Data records
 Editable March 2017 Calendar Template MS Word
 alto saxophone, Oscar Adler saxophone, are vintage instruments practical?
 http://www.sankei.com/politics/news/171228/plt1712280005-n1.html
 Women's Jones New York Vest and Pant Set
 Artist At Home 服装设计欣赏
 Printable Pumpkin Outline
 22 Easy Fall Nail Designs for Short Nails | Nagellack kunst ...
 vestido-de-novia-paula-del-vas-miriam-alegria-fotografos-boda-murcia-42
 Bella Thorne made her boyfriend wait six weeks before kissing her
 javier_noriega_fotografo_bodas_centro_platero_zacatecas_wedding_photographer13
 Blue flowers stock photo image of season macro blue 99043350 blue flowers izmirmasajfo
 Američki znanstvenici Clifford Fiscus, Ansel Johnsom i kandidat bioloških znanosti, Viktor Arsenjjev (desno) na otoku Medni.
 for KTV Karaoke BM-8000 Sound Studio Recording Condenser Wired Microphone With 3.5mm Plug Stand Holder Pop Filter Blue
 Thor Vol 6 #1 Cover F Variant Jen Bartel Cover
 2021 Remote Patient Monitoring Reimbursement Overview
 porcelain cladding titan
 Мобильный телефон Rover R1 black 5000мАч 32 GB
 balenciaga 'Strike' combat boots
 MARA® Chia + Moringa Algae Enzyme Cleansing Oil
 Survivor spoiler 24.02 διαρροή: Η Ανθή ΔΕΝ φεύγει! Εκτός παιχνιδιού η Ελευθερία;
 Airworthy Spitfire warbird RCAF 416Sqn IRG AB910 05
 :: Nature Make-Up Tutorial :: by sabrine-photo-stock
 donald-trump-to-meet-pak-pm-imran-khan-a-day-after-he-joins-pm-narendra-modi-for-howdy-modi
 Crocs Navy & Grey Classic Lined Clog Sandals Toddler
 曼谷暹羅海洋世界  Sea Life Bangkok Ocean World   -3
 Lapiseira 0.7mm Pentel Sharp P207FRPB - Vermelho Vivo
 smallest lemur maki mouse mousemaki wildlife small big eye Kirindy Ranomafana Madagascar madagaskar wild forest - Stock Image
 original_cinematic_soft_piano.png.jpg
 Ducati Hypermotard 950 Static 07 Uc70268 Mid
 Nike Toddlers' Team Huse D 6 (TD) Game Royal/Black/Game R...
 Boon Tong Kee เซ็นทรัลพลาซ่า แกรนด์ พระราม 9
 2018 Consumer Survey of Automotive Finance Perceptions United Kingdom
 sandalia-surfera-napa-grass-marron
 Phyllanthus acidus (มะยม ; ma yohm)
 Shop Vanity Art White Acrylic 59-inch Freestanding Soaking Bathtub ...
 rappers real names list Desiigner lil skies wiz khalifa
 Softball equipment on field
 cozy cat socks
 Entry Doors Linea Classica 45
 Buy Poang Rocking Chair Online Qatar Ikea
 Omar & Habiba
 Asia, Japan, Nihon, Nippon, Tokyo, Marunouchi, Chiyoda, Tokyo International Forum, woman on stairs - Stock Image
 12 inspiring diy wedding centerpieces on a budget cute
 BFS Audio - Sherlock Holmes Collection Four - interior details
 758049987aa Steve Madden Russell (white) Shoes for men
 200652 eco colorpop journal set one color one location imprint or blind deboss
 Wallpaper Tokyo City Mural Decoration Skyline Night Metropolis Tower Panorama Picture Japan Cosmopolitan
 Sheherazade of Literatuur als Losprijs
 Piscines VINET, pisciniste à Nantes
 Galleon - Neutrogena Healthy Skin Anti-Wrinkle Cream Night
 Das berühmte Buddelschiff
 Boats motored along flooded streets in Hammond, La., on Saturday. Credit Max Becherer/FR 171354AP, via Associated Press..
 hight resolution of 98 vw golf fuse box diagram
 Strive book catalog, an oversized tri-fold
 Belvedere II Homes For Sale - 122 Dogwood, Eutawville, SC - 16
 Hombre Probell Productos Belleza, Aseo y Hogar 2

Problem statement: What you return must be the lines above that run from the line with "smallest lemur maki" to the line with "Phyllanthus acidus (มะยม ; ma yohm)", inclusive, each copied exactly.

Reply:
 smallest lemur maki mouse mousemaki wildlife small big eye Kirindy Ranomafana Madagascar madagaskar wild forest - Stock Image
 original_cinematic_soft_piano.png.jpg
 Ducati Hypermotard 950 Static 07 Uc70268 Mid
 Nike Toddlers' Team Huse D 6 (TD) Game Royal/Black/Game R...
 Boon Tong Kee เซ็นทรัลพลาซ่า แกรนด์ พระราม 9
 2018 Consumer Survey of Automotive Finance Perceptions United Kingdom
 sandalia-surfera-napa-grass-marron
 Phyllanthus acidus (มะยม ; ma yohm)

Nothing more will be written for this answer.